SOVEREIGN CITIZEN "MOOR" LOSES WINDOW AT TRAFFIC STOP AGAIN

5 months ago
308

You are about to watch a Moorish sovereign get totally owned by the "policy enforcers". This is the second time this Moorish scientists has an embarrassing encounter with the "policy enforcers". After refusing to give the "policy enforcers" his drivers license they have to smash his window and drag him out of the vehicle.

The word "Moor" has its origin in 46 B.C. when the Romans invaded North Africa. They called the inhabitants they met there Maures from the Greek word mauros, meaning dark or black. The word indicated more than one ethnic group. To Shakespeare "Moor" simply meant "black African." It is important to point out that the medieval Moors who conquered Europe should not be confused with the modern Moors Aka "Moorish Americans".

Moors are not a distinct or self-defined people. The 1911 Encyclopædia Britannica observed that "The term 'Moors' has no real ethnological value." Europeans of the Middle Ages and the early modern period variously applied the name to Arabs, North African Berbers, as well as Muslim Europeans.

The term has also been used in Europe in a broader, somewhat derogatory sense to refer to Muslims in general, especially those of Arab or Berber descent, whether living in Spain or North Africa.

The term Moor is an exonym used by Christian Europeans to designate the Muslim inhabitants of the Maghreb, the Iberian Peninsula, Sicily and Malta during the Middle Ages.

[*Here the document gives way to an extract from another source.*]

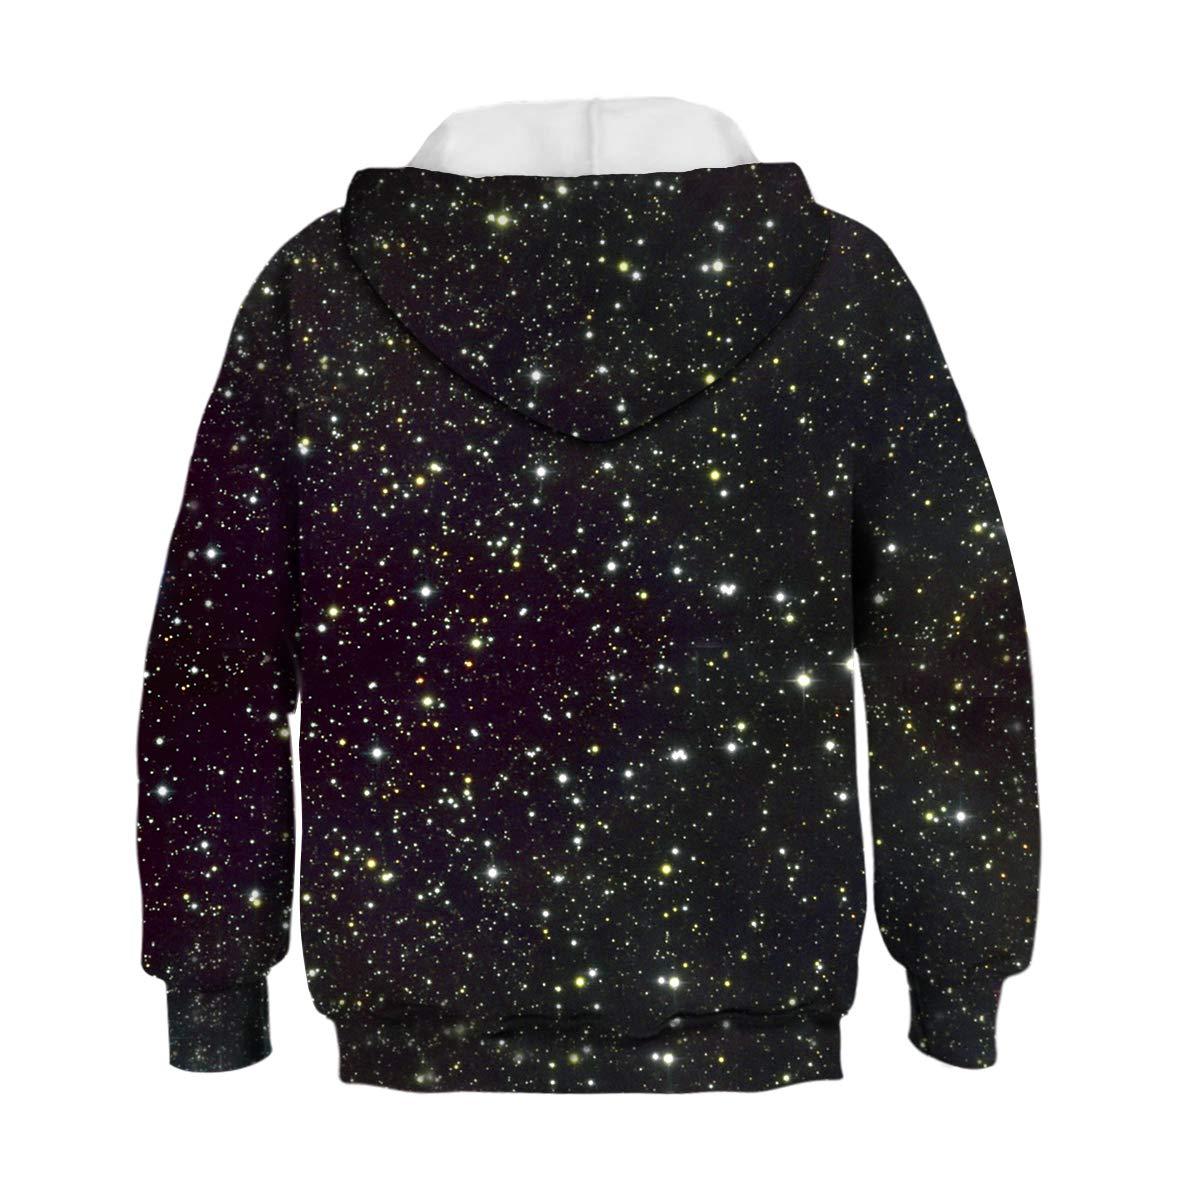 Pattrily Kids Boy Girl 3D Galaxy Animal Print Pullover Hoodies Sweatshirts Fit 6-13 Years

In medieval Romance languages, variations of the Latin word for the Moors (for instance, Italian and Spanish: moro, French: maure, Portuguese: mouro, Romanian: maur) developed different applications and connotations. The term initially denoted a specific Berber people in western Libya, but the name acquired more general meaning during the medieval period, associated with "Muslim", similar to associations with "Saracens". During the context of the Crusades and the Reconquista, the term Moors included the derogatory suggestion of "infidels"..

In Ross Brann's article "The Moors?" he considers the meaning and significance of Moorish identity in literary works, film, and scholarship. Brann notes that even today the figure is "employed regularly in academic circles and in popular culture without much question or reflection" and "without clarification of who precisely the Moors are". Recounting a history of the uses of the term Moor, he explains that "Andalusi Arabic sources—as opposed to later mudéjar and morisco sources in Aljamiado—neither refer to individuals as Moors nor recognize any such group, community or culture". Moor is a term applied from the outside, by Europeans, yet "unlike relatively stable terms of Roman provenance inherited by Christians such as Arab, Ishmaelite and Saracen," the significance of the term varies in particular historical moments and shifts over time.